**Problem:** Please print the entries below exactly, from the line with "Free Printable Teacher" through the line with "Patchstravaganza", including both of those lines and leaving out all others.

**Provided information:**
Segment Open

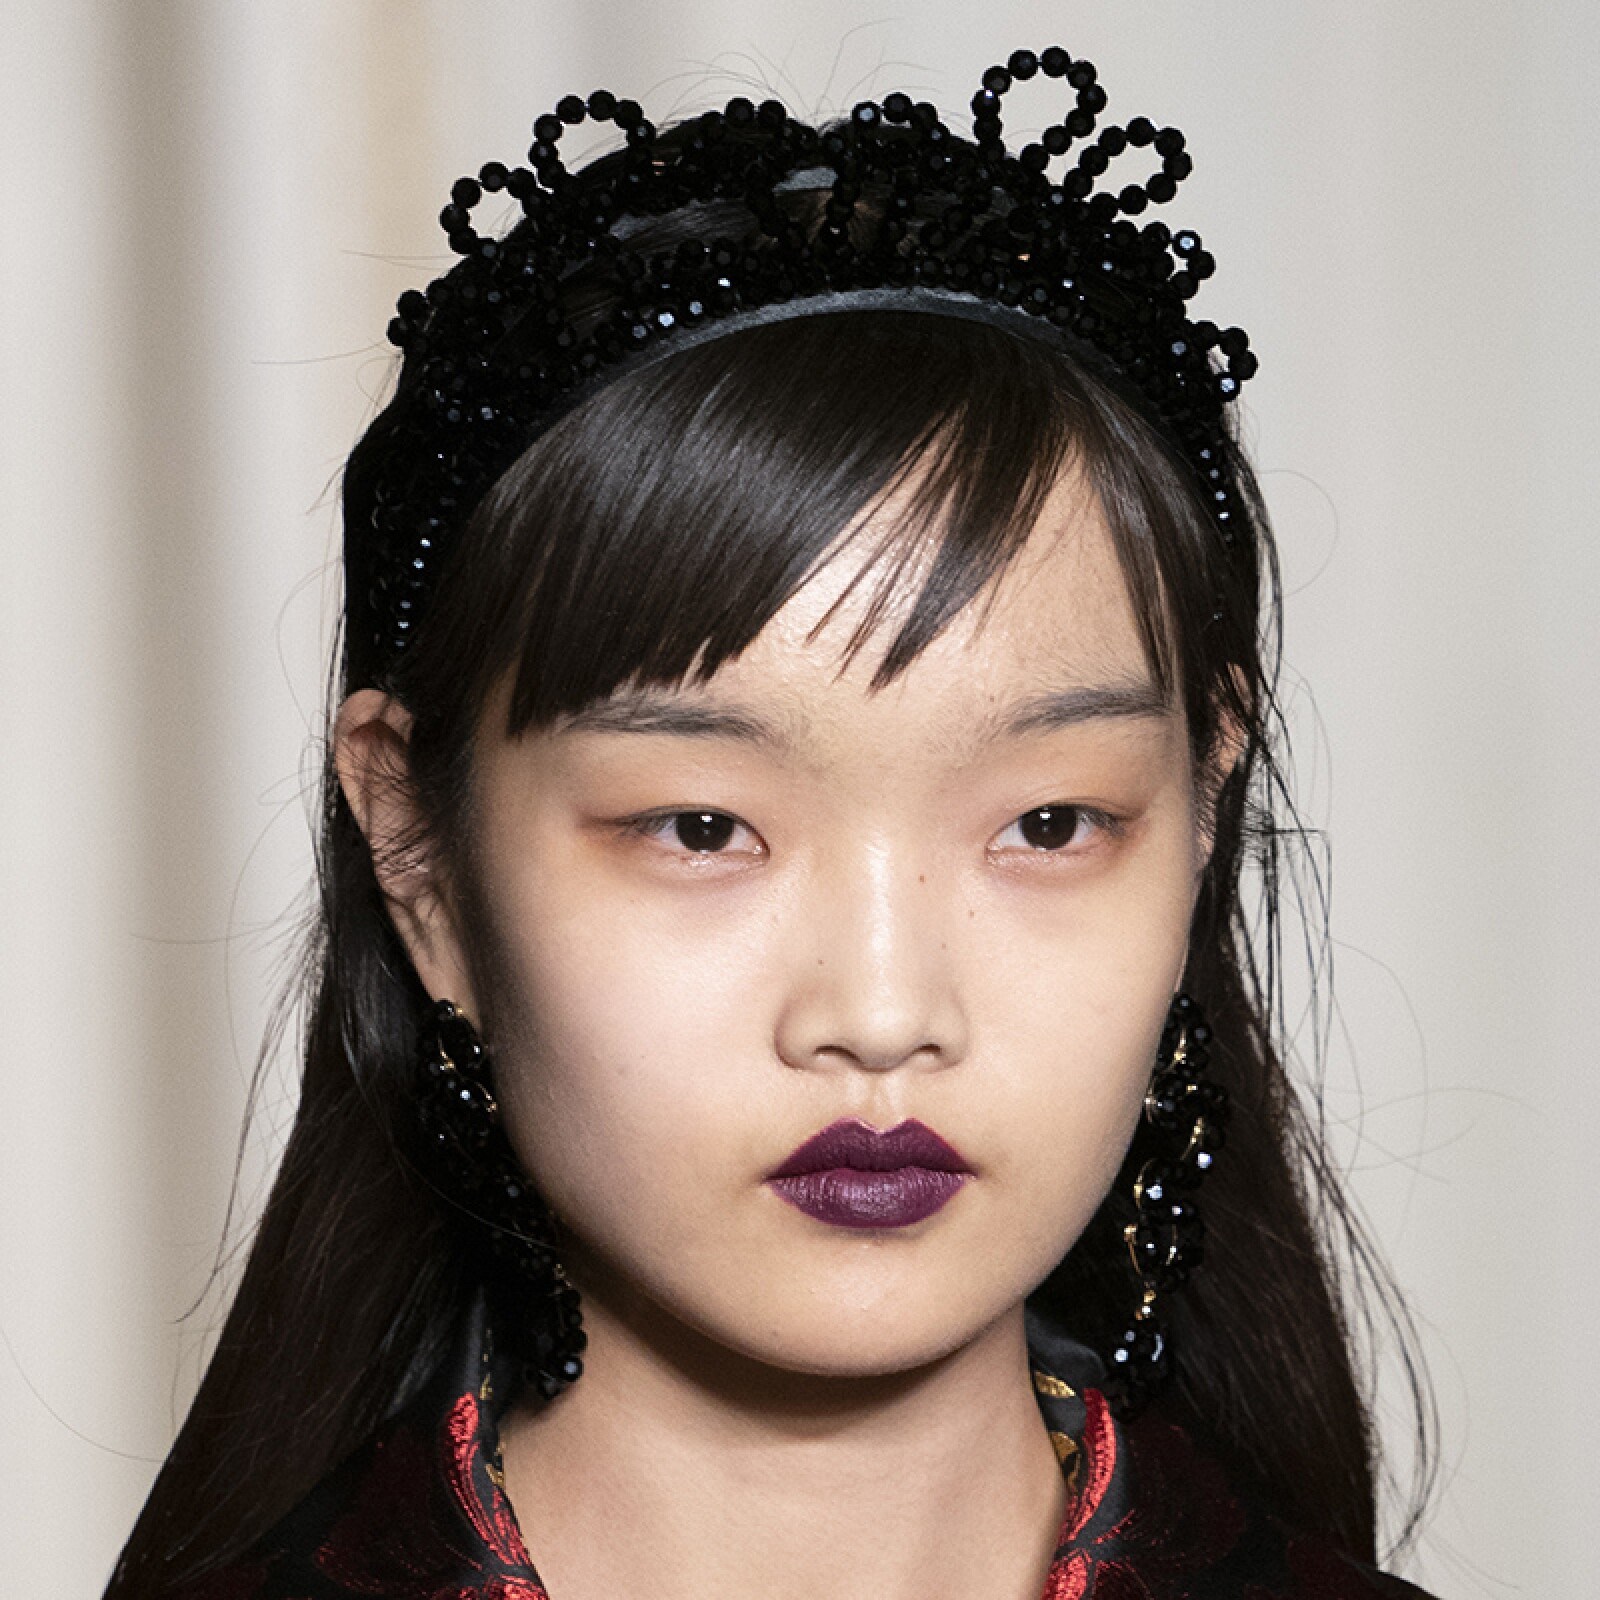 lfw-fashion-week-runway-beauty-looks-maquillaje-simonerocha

Segment Closed
Segment Open

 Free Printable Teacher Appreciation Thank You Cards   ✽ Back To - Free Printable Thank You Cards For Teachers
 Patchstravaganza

Segment Closed

**Result of this exercise:**
 Free Printable Teacher Appreciation Thank You Cards   ✽ Back To - Free Printable Thank You Cards For Teachers
 Patchstravaganza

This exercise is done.